### Data section
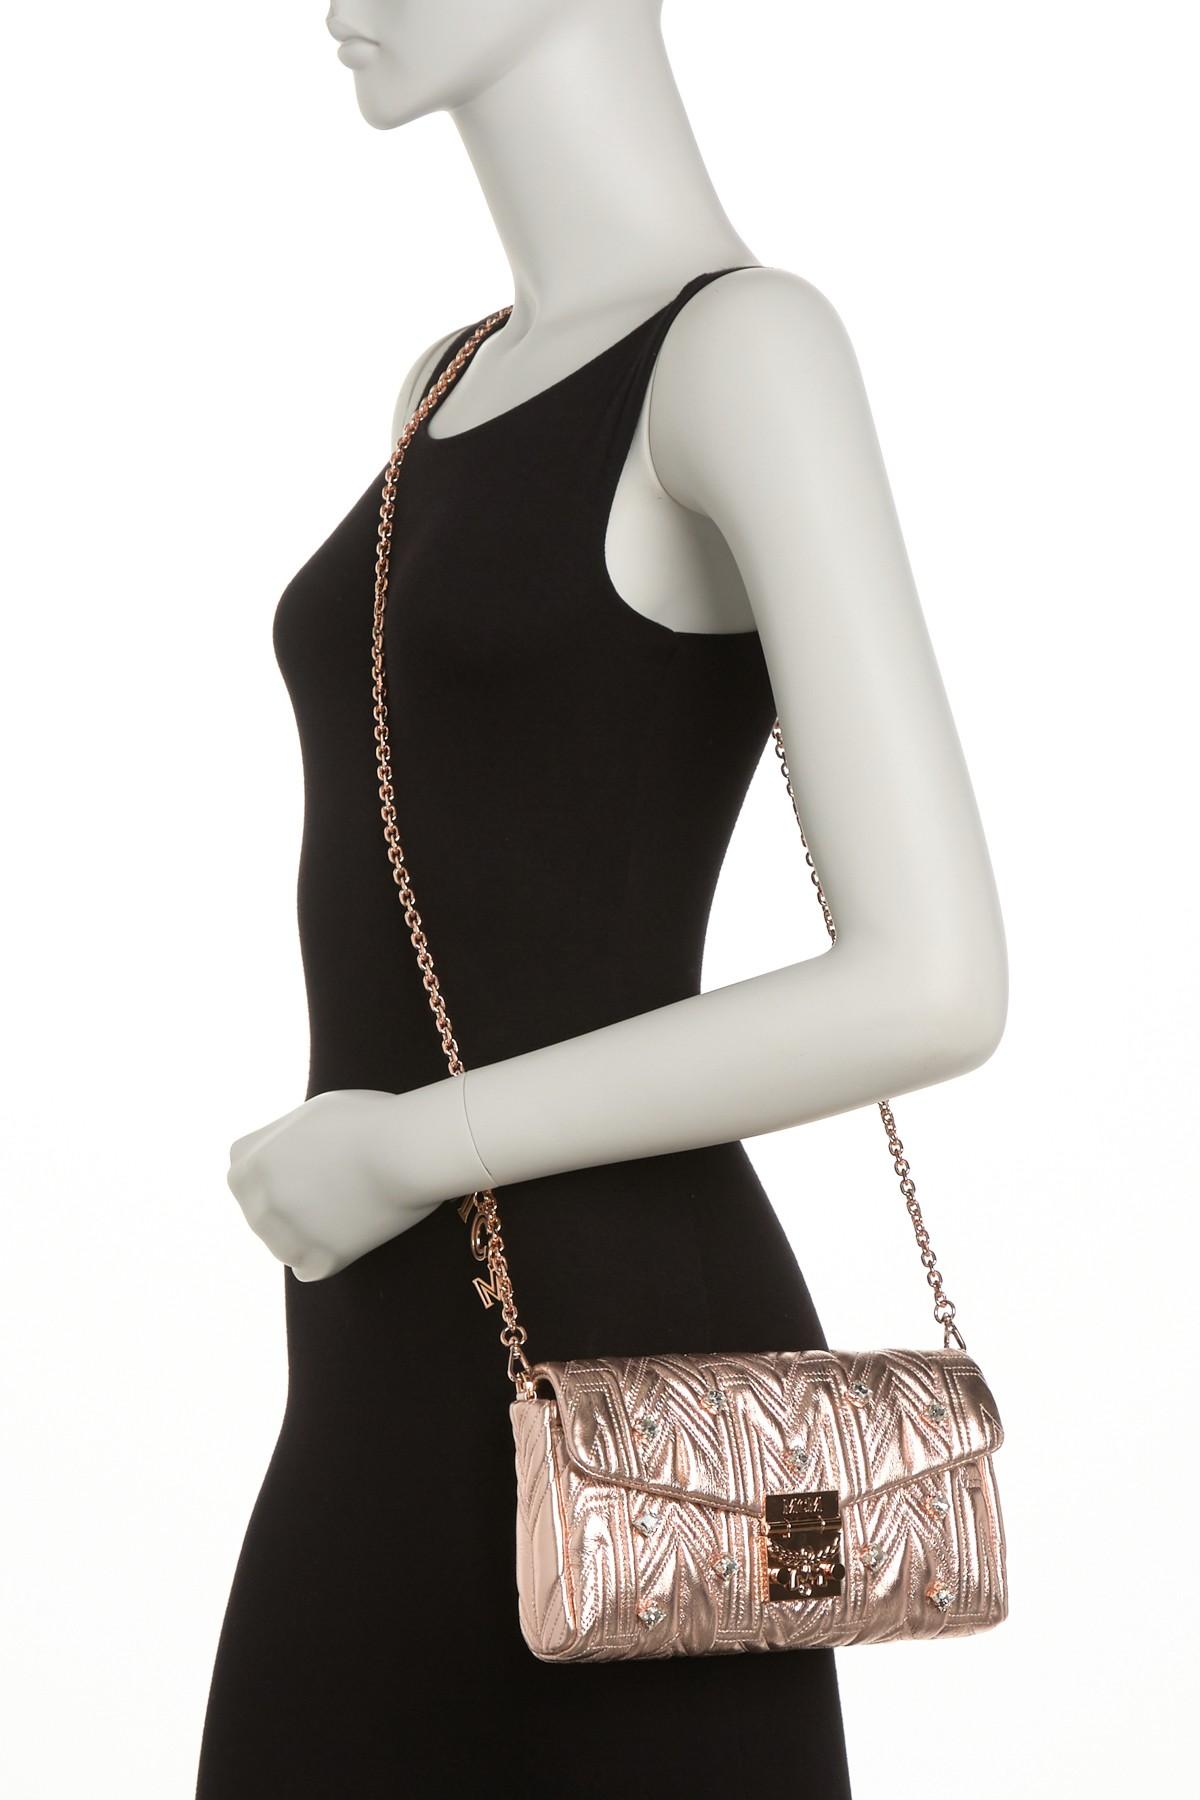 MCM Leather Millie Quilted Chain Strap Shoulder Bag in Pink - Lyst
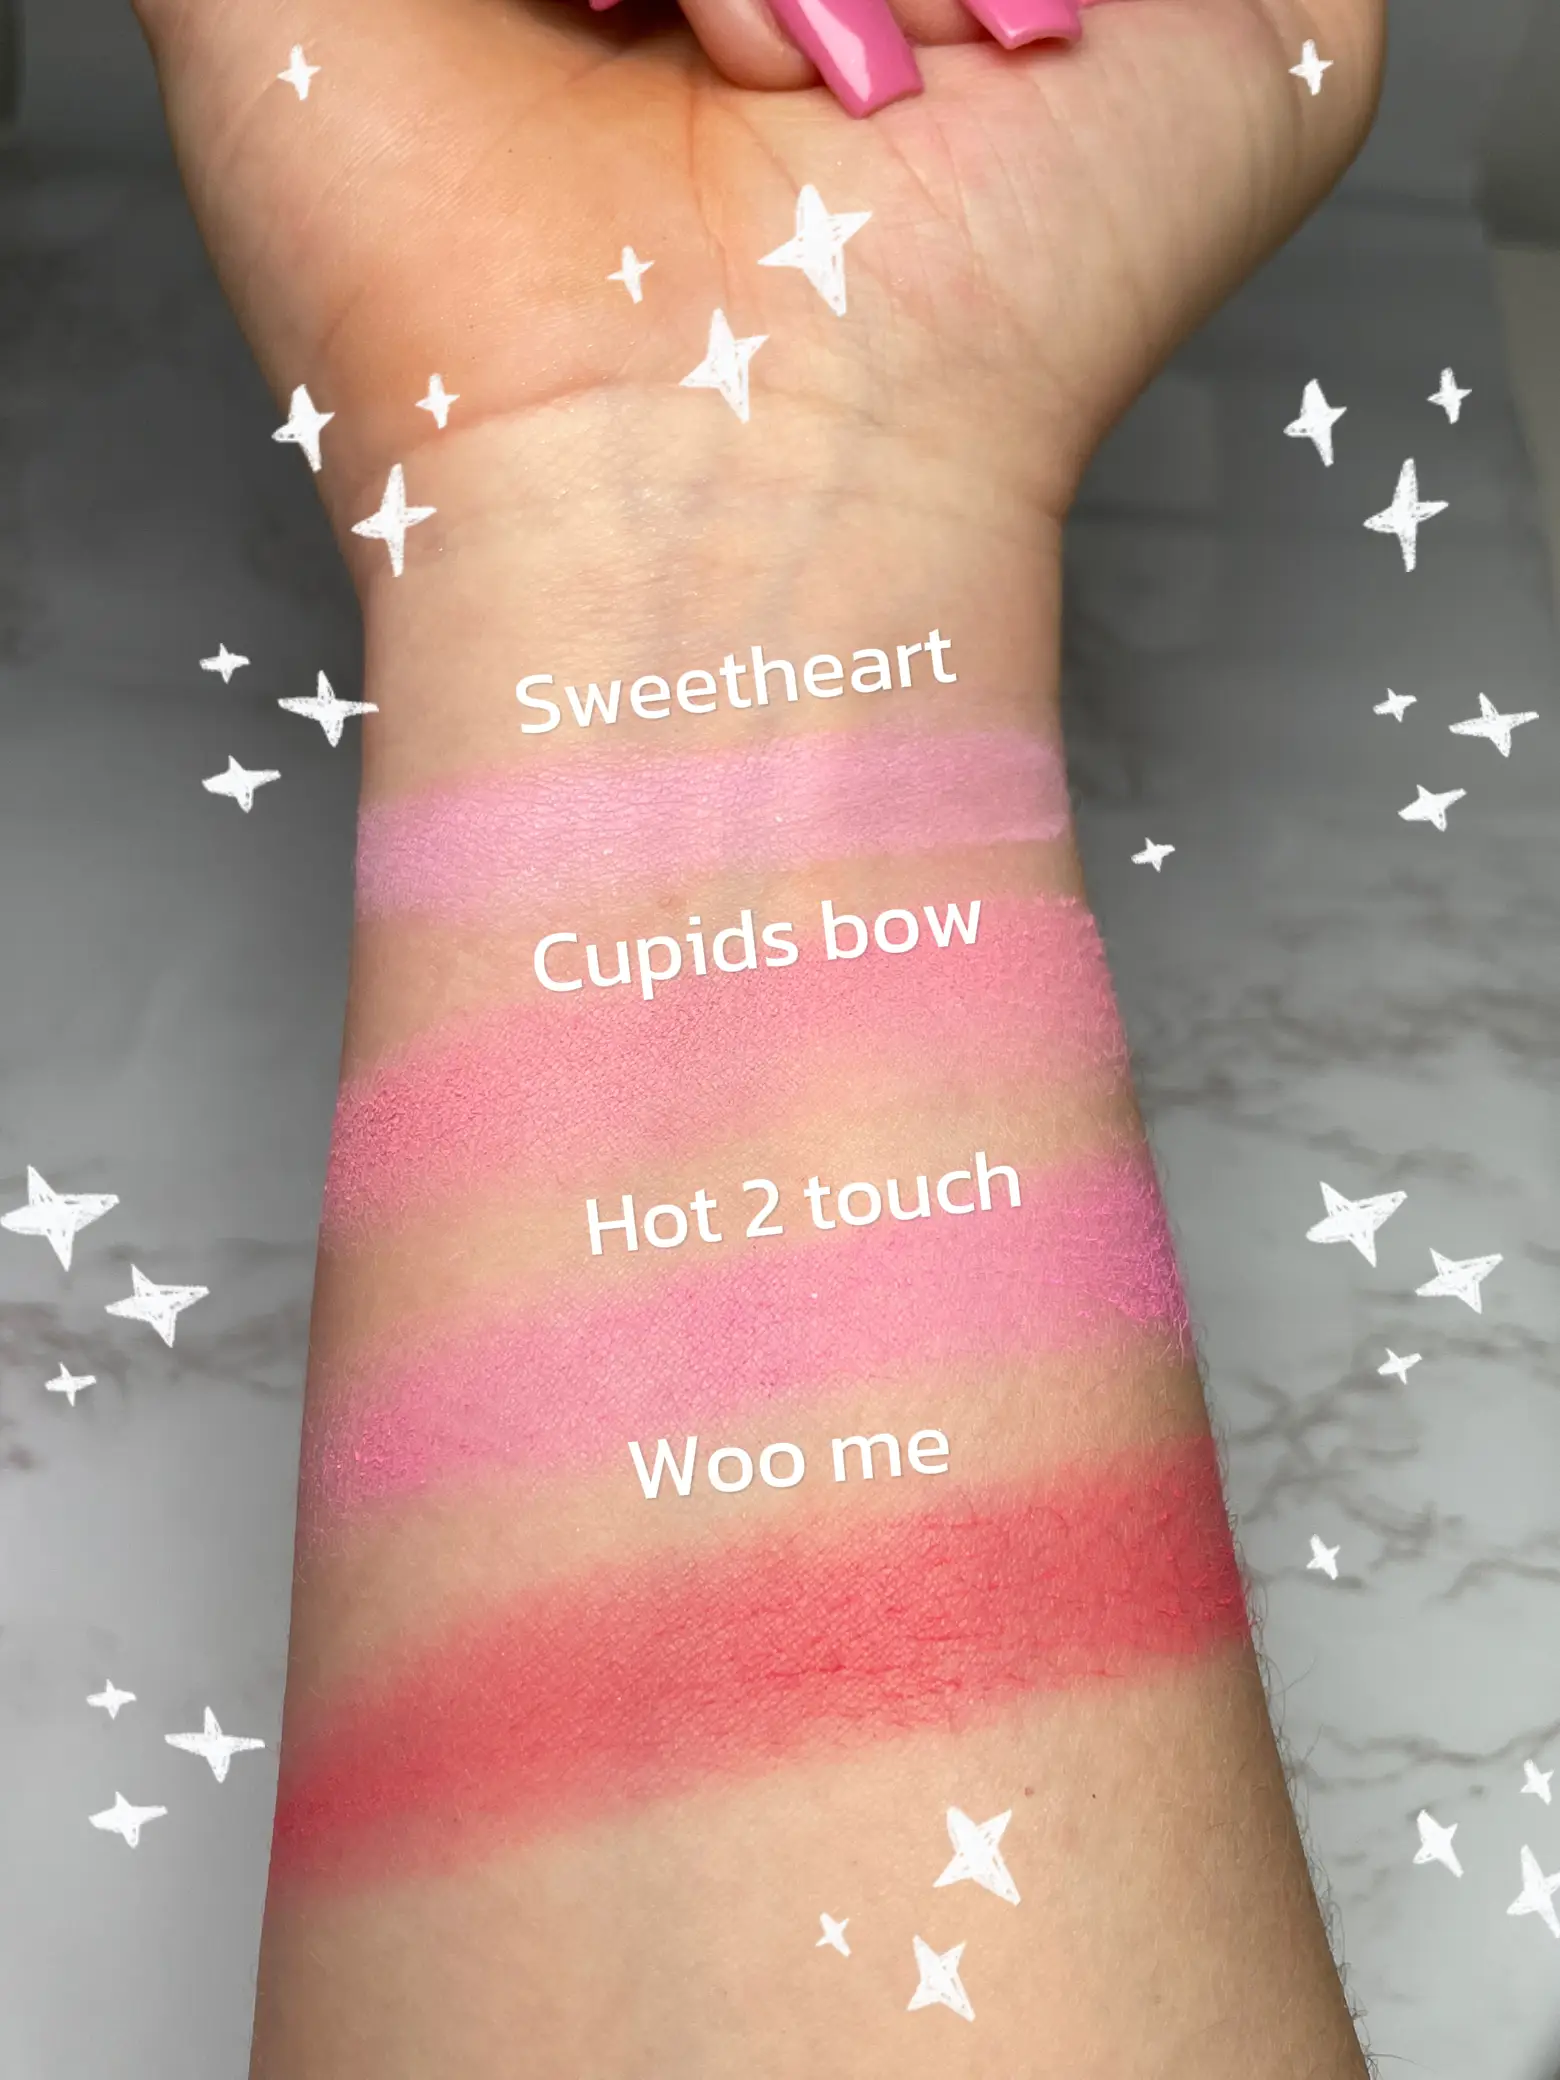 ColourPop Cupid's Bow Pressed Powder Blush Review & Swatches
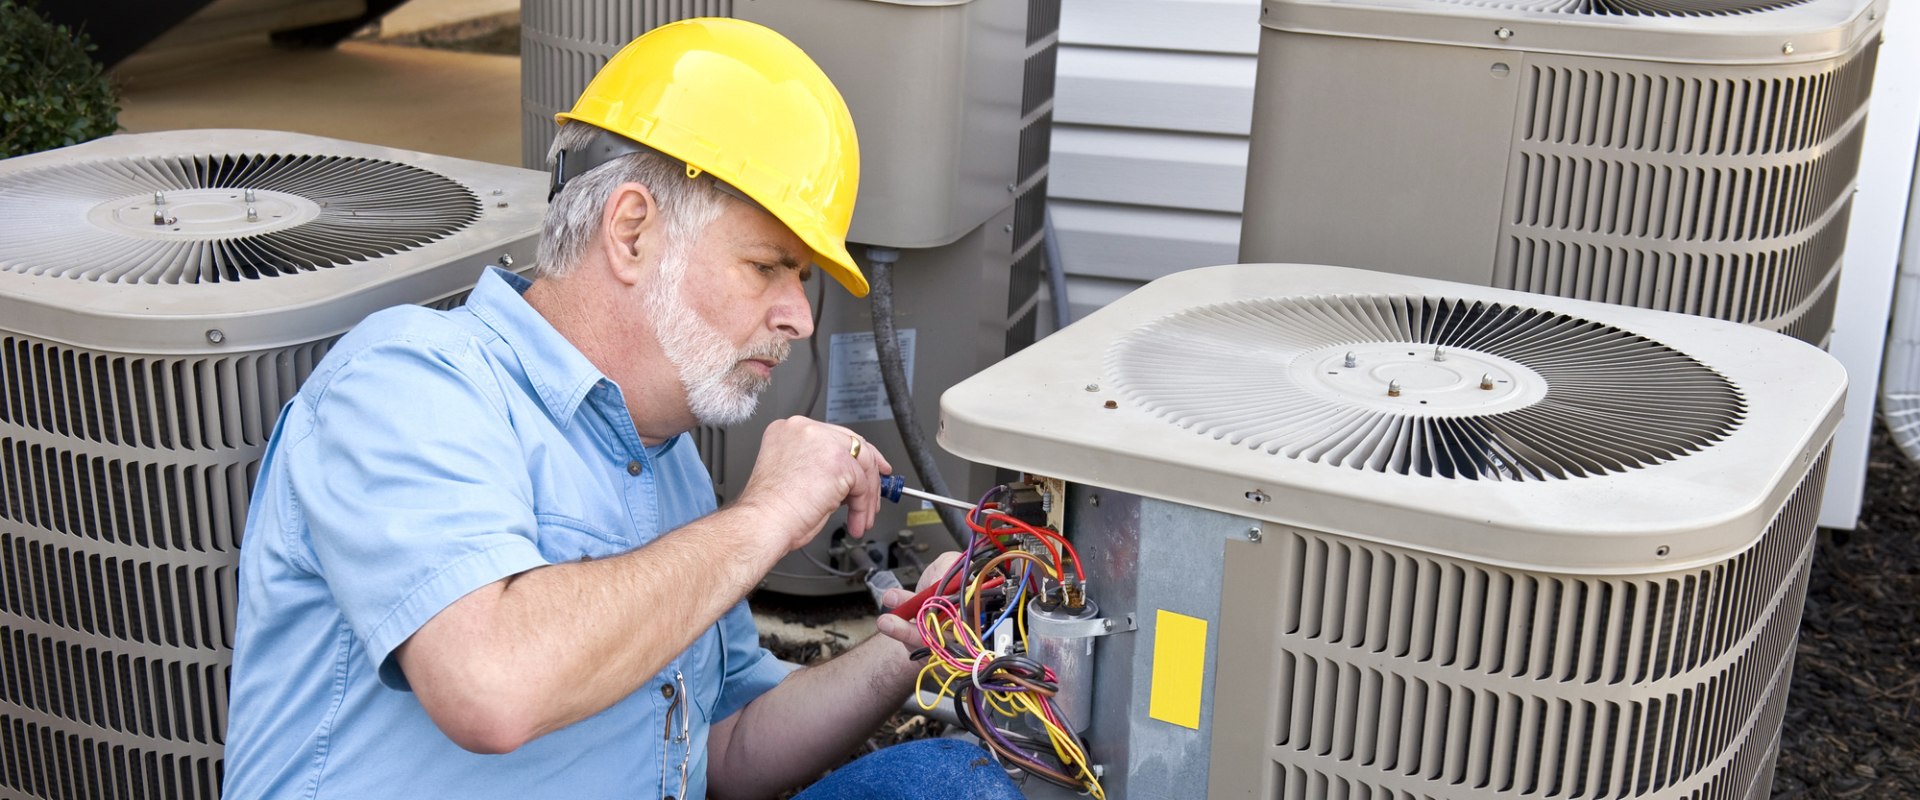 The Benefits of Preventive Maintenance for HVAC Systems

### Your goal
Please transcribe the material above exactly as written. Leave the pictures out.

### Response to the task
 MCM Leather Millie Quilted Chain Strap Shoulder Bag in Pink - Lyst
 ColourPop Cupid's Bow Pressed Powder Blush Review & Swatches
 The Benefits of Preventive Maintenance for HVAC Systems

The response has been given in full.